--- WHAT IS EXPECTED ---
Leave out the pictures and repeat exactly the lines from the one containing "Чемоданы Hauptstadtkoffer Spree" through the final line of the listing below.

--- SOURCE MATERIAL ---
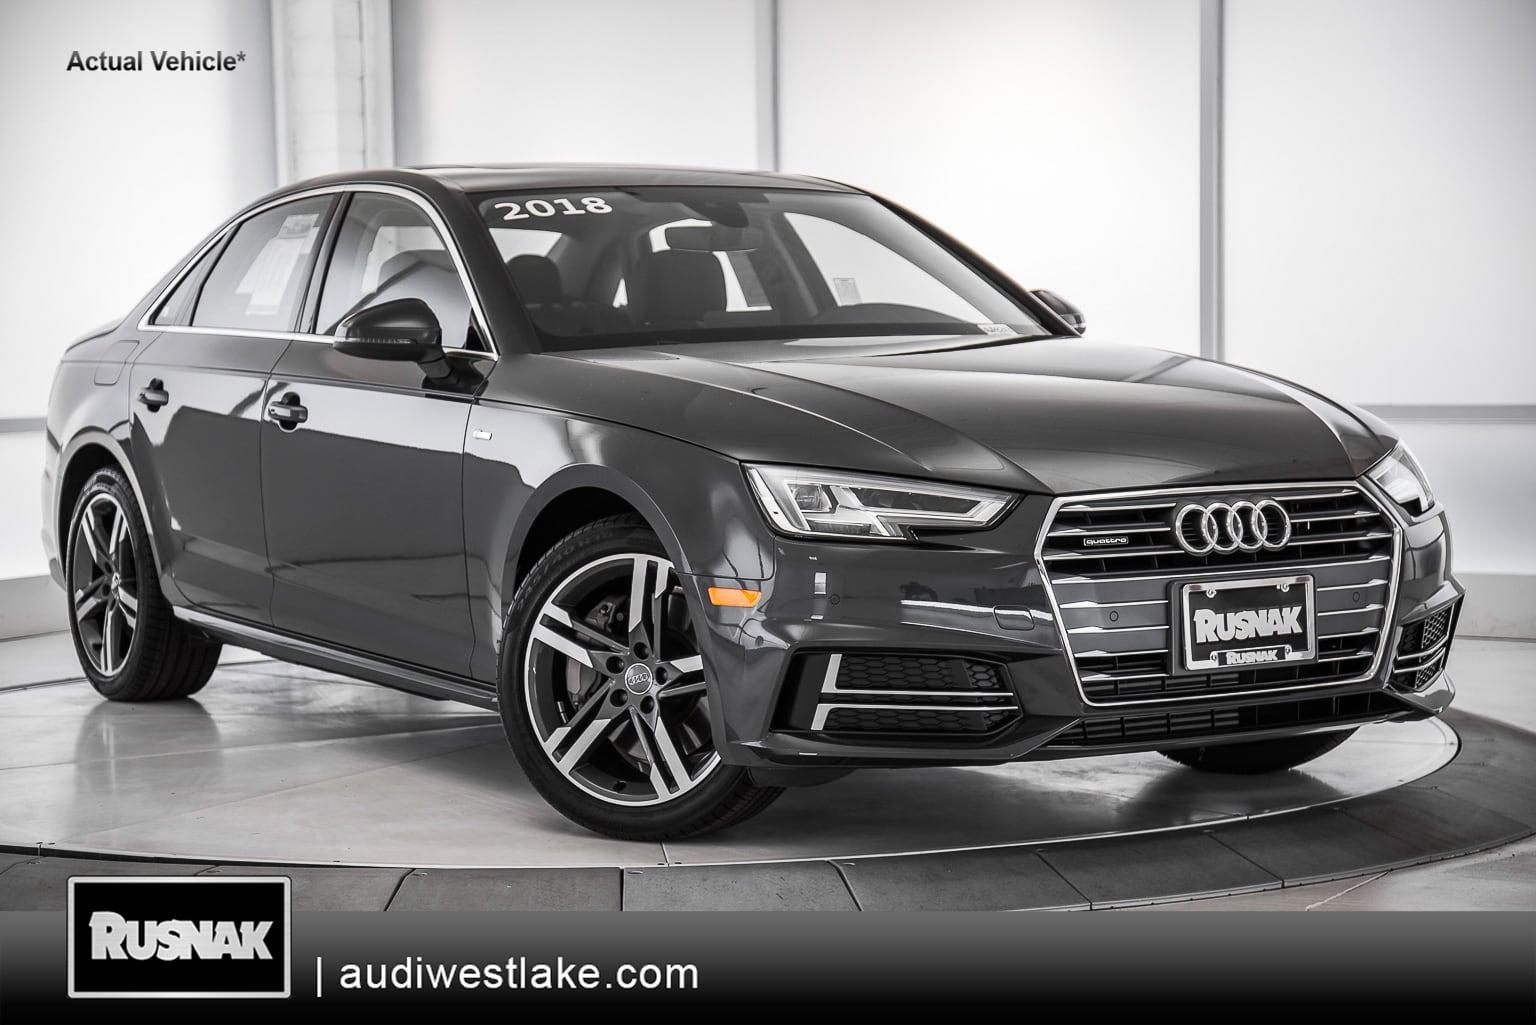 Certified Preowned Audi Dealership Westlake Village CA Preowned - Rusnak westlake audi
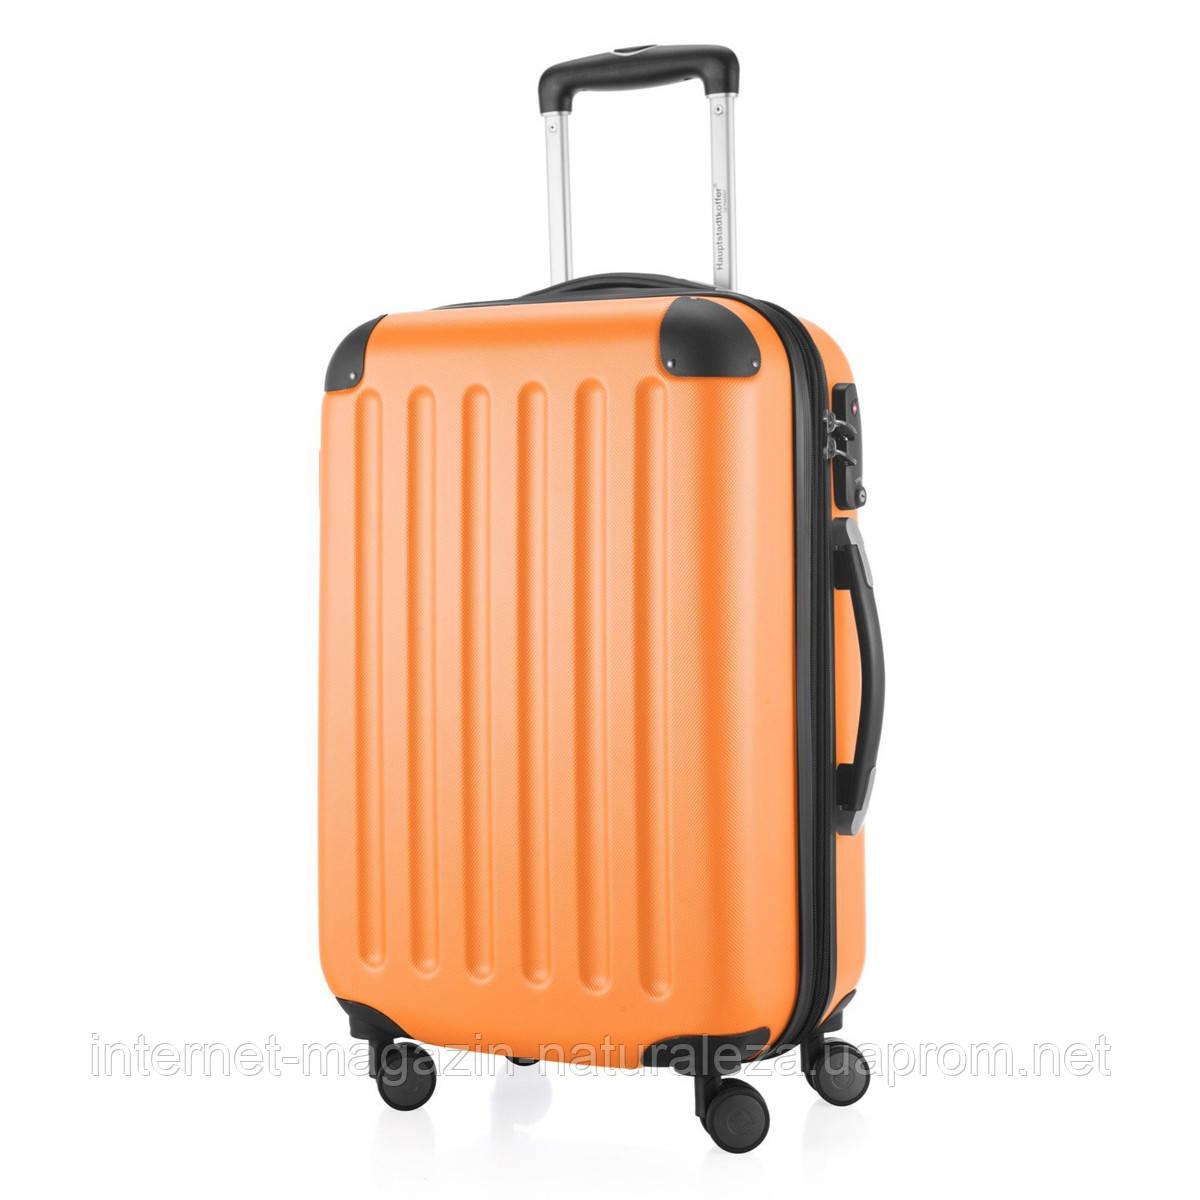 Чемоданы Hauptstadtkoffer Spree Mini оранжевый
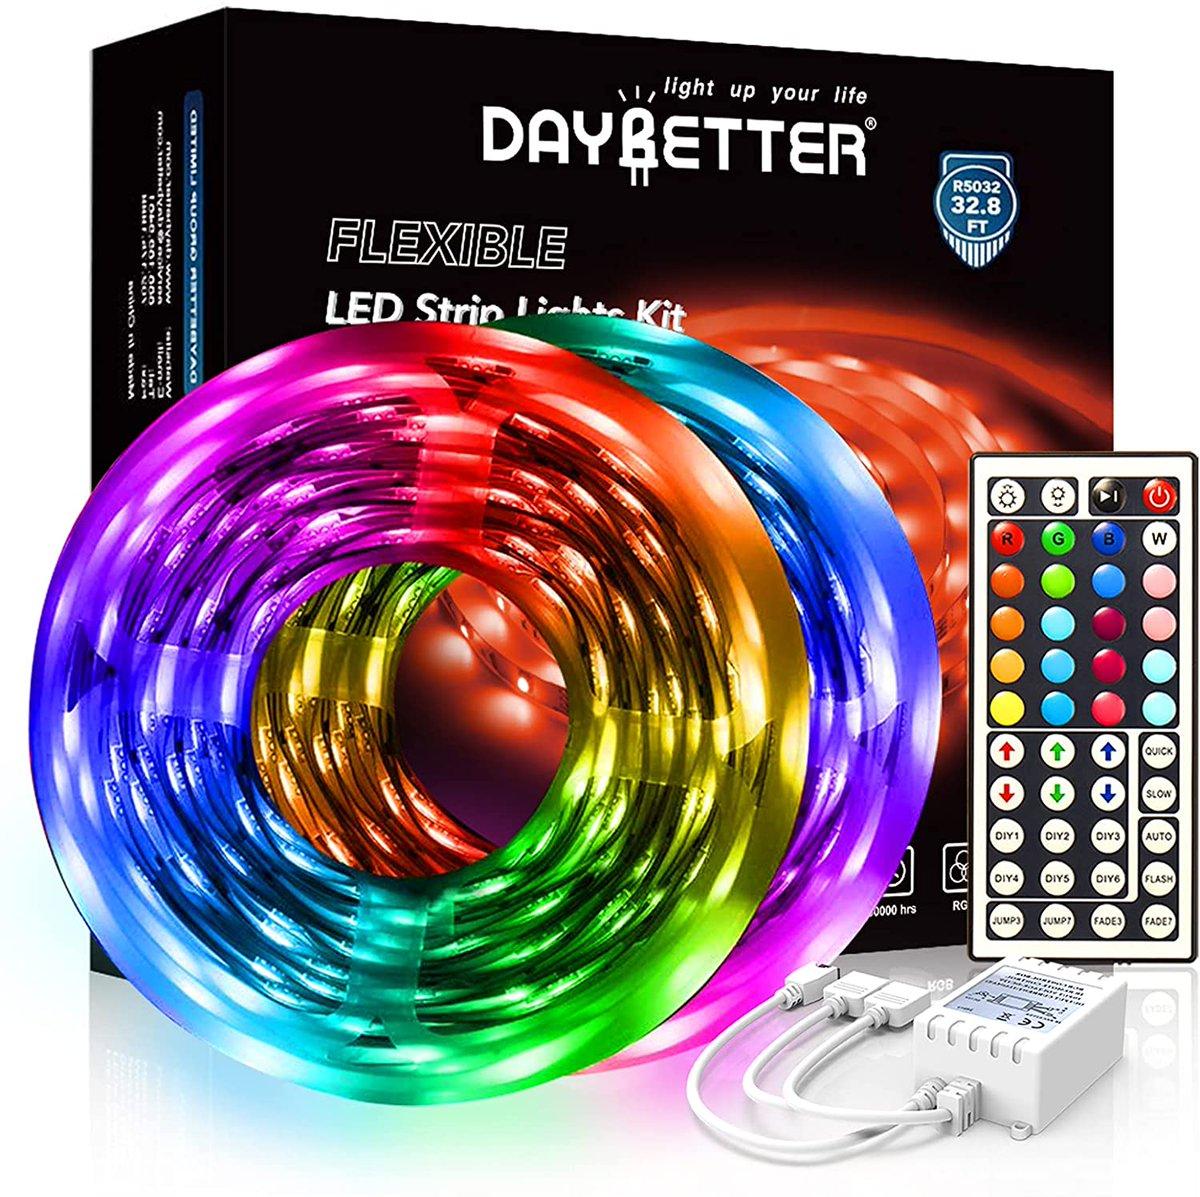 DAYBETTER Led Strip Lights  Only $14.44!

--- RESULT ---
 Чемоданы Hauptstadtkoffer Spree Mini оранжевый
 DAYBETTER Led Strip Lights  Only $14.44!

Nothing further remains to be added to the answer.